3. compare read length bins for the full data set
perl 02_compareBinsLT30.pl  output_shuffled.txt   20000000000
 output: a table that lists for each read length bin the total amount of data (nt), and the SNPs/indels for this data

    EXAMPLE OUTPUT 
    
    key	lengths	variants 
    rl10	0	0 
    rl11	0	0 
    rl12	0	0 
    rl13	0	0 
    rl14	0	0 
    rl15	195	10 
    rl16	208	0 
    rl17	1156	2 
    rl18	2610	61 
    rl19	14573	1108 
    rl20	59340	5048 
    rl21	102606	8490 
    rl22	115610	8928 
    rl23	88734	5975 
    rl24	55752	2883 
    rl25	42050	1310 
    rl26	34996	606 
    rl27	35073	288 
    rl28	35980	210 
    rl29	42224	207 
    rl30	43590	190 
    rl31	48422	195 
    rl32	50272	213 
    rl33	53856	239 
    rl34	58378	269 
    rl35	59255	217 
    rl40	67800	331 
    rl45	71955	329 
    rl50	67650	269 
    rl55	57805	237 
    rl60	54000	218

    ---> so this tells me, for example, that all reads of length 23 (rl23) make up a total length of 88,734 bp and collectively contain 5,975 variants. Based on this information, I select a number of bp from the second column for the next step (see below) such that for the entire range of read lengths I'm interested in, I'm able to collect the same total length of sequence data. I could use 35,000 here, for example. Selecting 40,000 is a bad idea since I don't have that much data for some of the read lengths (e.g., rl26-28). 

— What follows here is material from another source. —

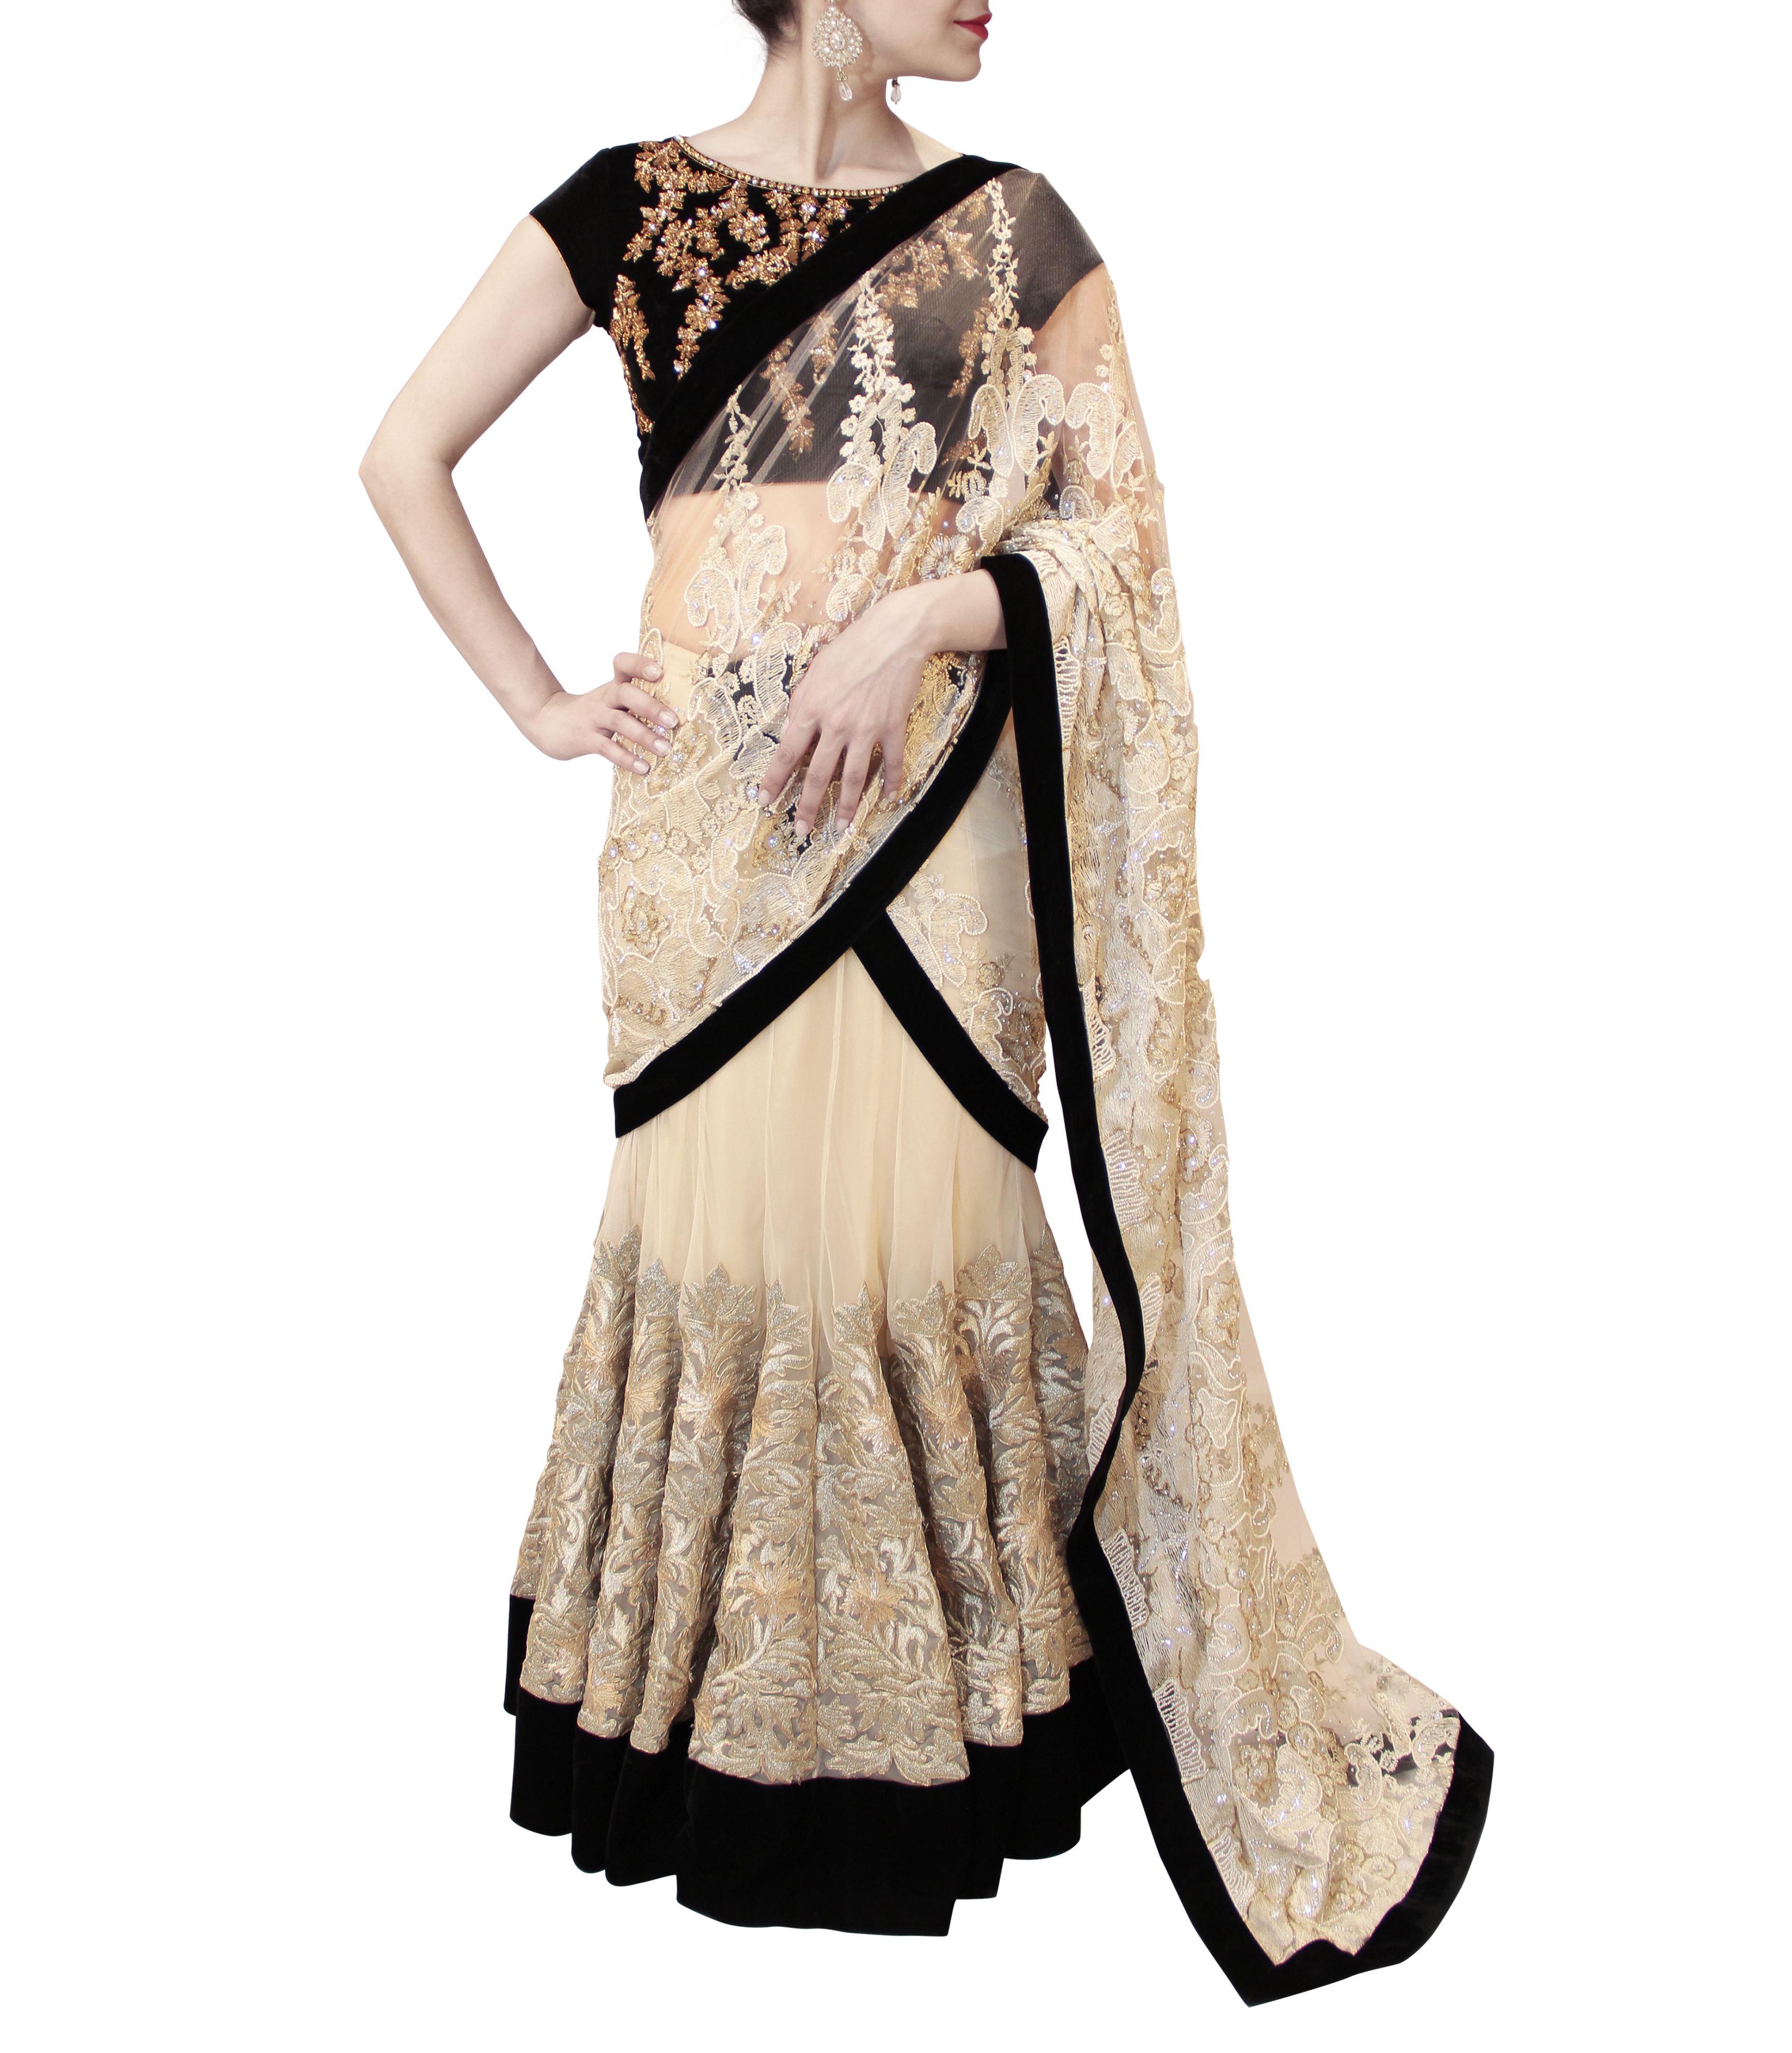 Off White Lehenga Choli Indian Embroidered Lengha For Wedding Party Dress |  eBay

4. compare read length bins for a reasonable total length per read length bin. This requires looking at the data and setting the total length yourself, see explanation above. 
perl 02_compareBinsLT30.pl  output_shuffled.txt   xxxxx
 output: same table as above, but normalized for a given total data volume xxxxx

    EXAMPLE OUTPUT with xxxxx = 25000

    key	lengths	variants 
    rl10	0	0   
    rl11	0	0   
    rl12	0	0   
    rl13	0	0   
    rl14	0	0   
    rl15	195	10  
    rl16	208	0   
    rl17	1156	2   
    rl18	2610	61  
    rl19	14573	1108
    rl20	25000	2165
    rl21	25011	2090
    rl22	25014	1901
    rl23	25001	1677
    rl24	25008	1277
    rl25	25000	758 
    rl26	25012	411 
    rl27	25002	215 
    rl28	25004	142 
    rl29	25027	124 
    rl30	25020	109 
    rl31	25017	106 
    rl32	25024	103 
    rl33	25014	115 
    rl34	25024	109 
    rl35	25025	111 
    rl40	25000	118 
    rl45	25020	102 
    rl50	25000	110 
    rl55	25025	110 
    rl60	25020	91  

    ---> now I can compare total number of variants for each read length for which I have collected xxxxx = 25000bp. For reads of lengths 20-24 there are lots more variants, then it drops at rl25 and rl26, and by rl28 things start to taper off. If pressed for data, I could use a cutoff of 28bp, otherwise 29 or 30 might be safer.  


5. Sincere apologies 
These scripts are ugly! The whole thing started out as a quick-and-dirty way to look at some of our own people's data, and I never got around to prettify the approach.